-- What you are asked to do --
Everything in the listing below except the pictures should be reproduced exactly.

-- Provided material --
____________________
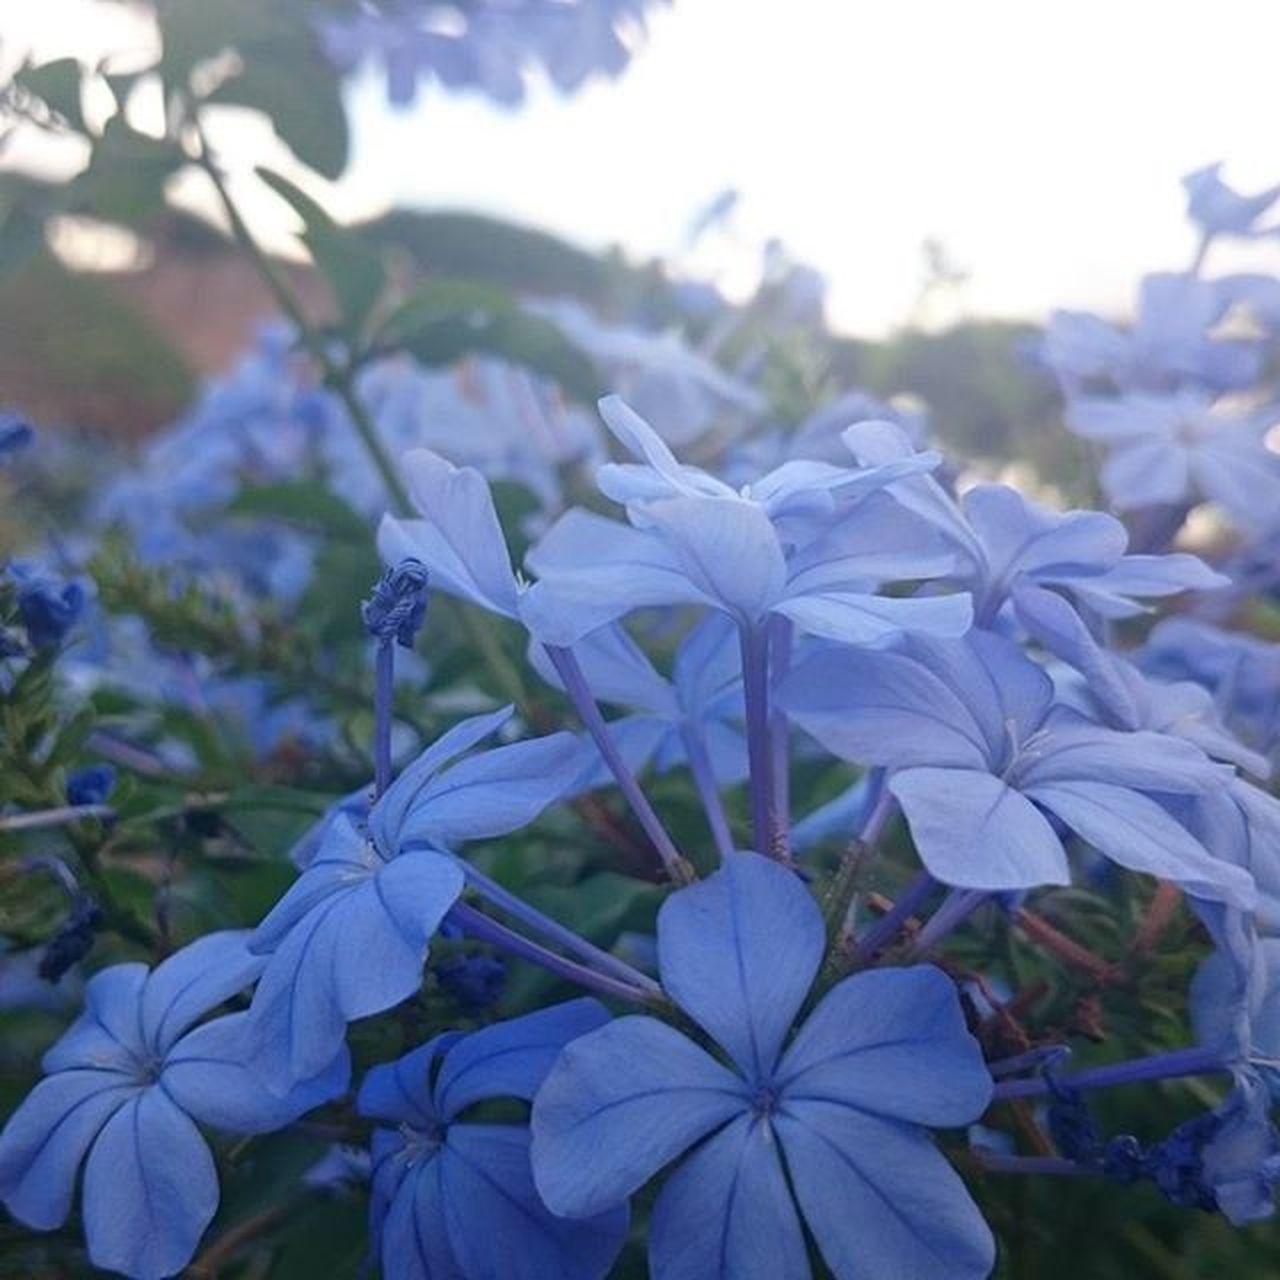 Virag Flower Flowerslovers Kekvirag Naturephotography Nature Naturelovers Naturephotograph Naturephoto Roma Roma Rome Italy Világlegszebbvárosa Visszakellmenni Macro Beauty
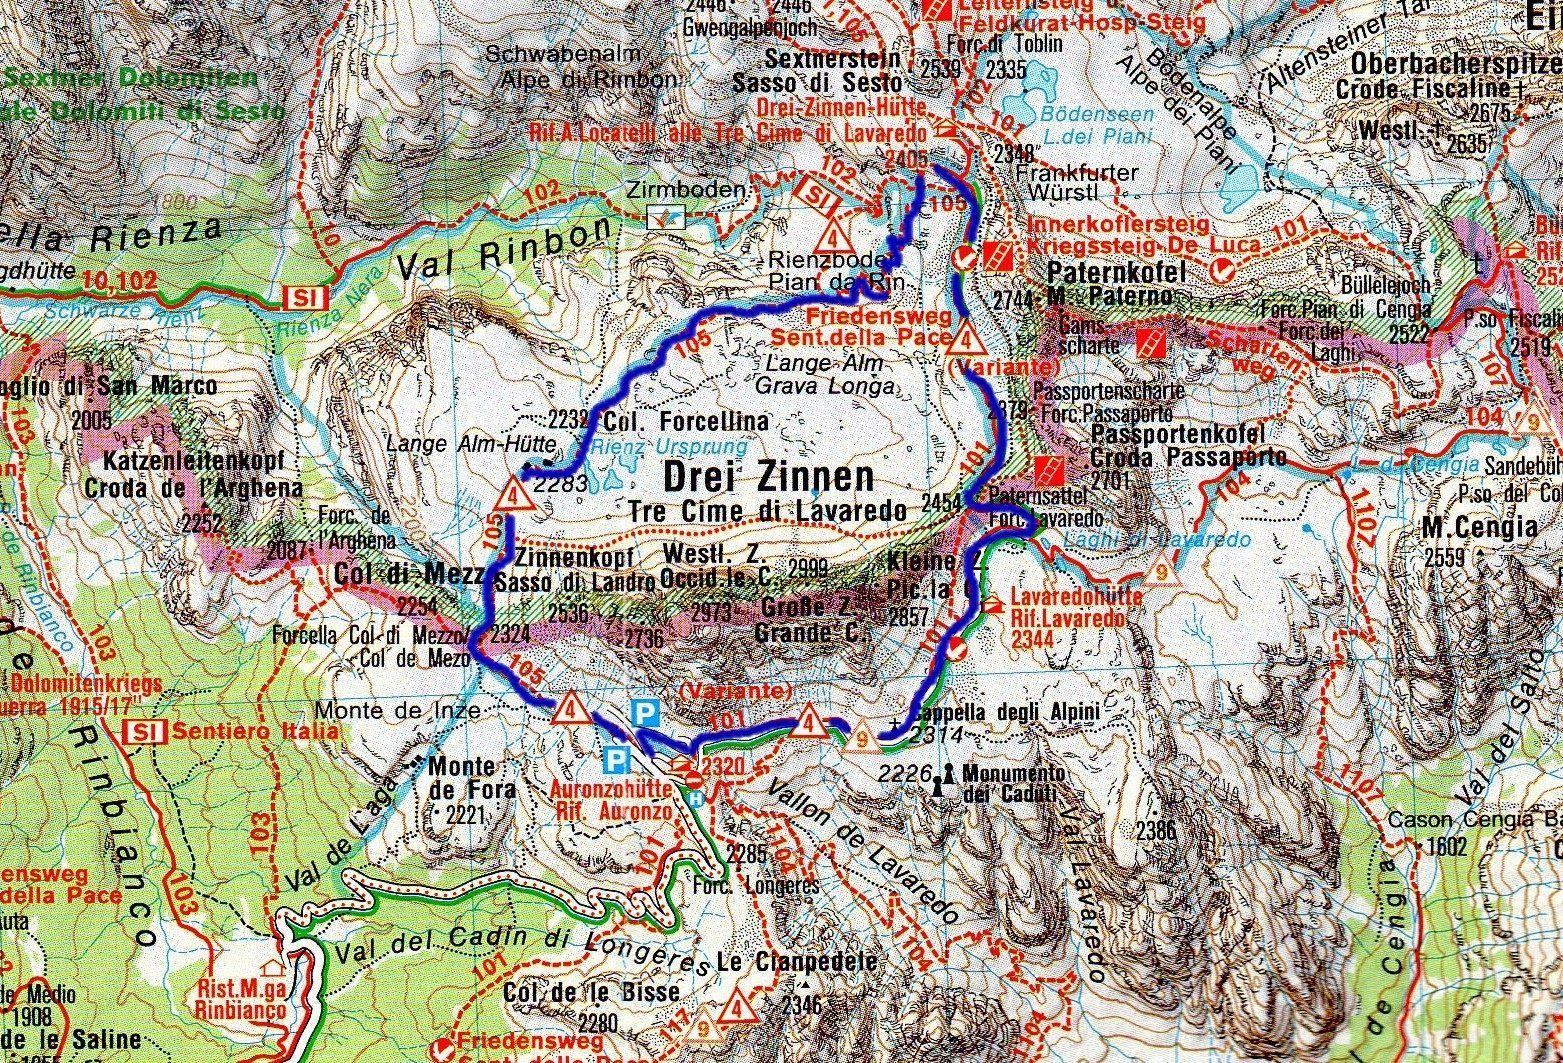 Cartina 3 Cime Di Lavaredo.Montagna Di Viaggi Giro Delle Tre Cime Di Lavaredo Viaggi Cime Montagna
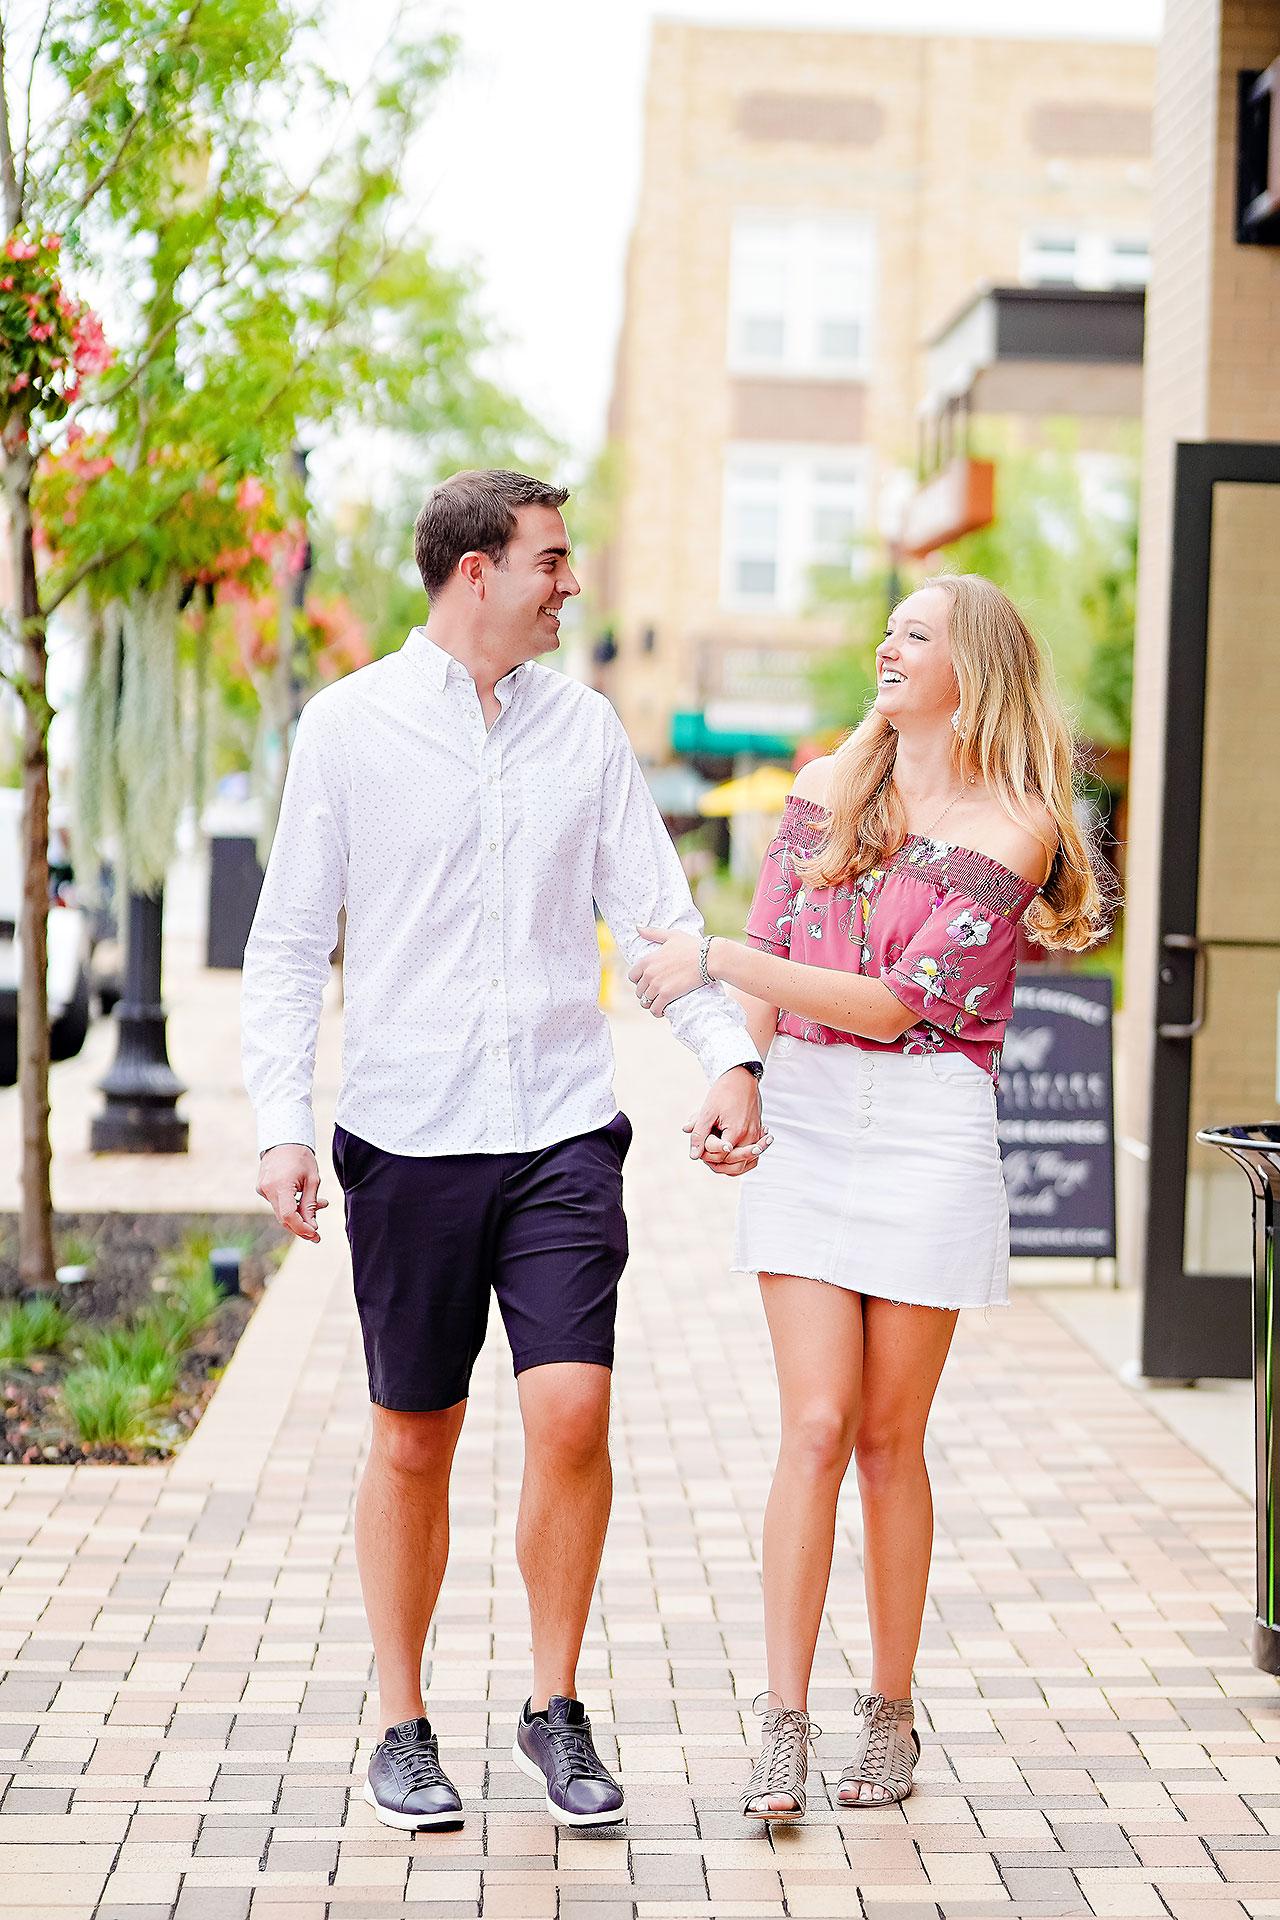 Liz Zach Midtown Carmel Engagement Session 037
____________________
-- Result below --
 Virag Flower Flowerslovers Kekvirag Naturephotography Nature Naturelovers Naturephotograph Naturephoto Roma Roma Rome Italy Világlegszebbvárosa Visszakellmenni Macro Beauty
 Cartina 3 Cime Di Lavaredo.Montagna Di Viaggi Giro Delle Tre Cime Di Lavaredo Viaggi Cime Montagna
 Liz Zach Midtown Carmel Engagement Session 037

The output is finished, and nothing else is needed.